• DATA FOR REVIEW:
________________

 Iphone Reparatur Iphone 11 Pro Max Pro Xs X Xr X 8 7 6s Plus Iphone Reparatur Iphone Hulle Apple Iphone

________________

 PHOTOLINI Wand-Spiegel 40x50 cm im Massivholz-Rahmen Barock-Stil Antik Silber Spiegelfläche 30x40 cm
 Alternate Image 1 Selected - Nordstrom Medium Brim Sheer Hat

________________

• WHAT THE TASK ASKS: Within the listing above, locate the line containing "PHOTOLINI Wand-Spiegel 40x50" and the line containing "Alternate Image 1". Reproduce those two lines and all lines between them exactly, with nothing added.

• ANSWER FOR THIS EXERCISE:
 PHOTOLINI Wand-Spiegel 40x50 cm im Massivholz-Rahmen Barock-Stil Antik Silber Spiegelfläche 30x40 cm
 Alternate Image 1 Selected - Nordstrom Medium Brim Sheer Hat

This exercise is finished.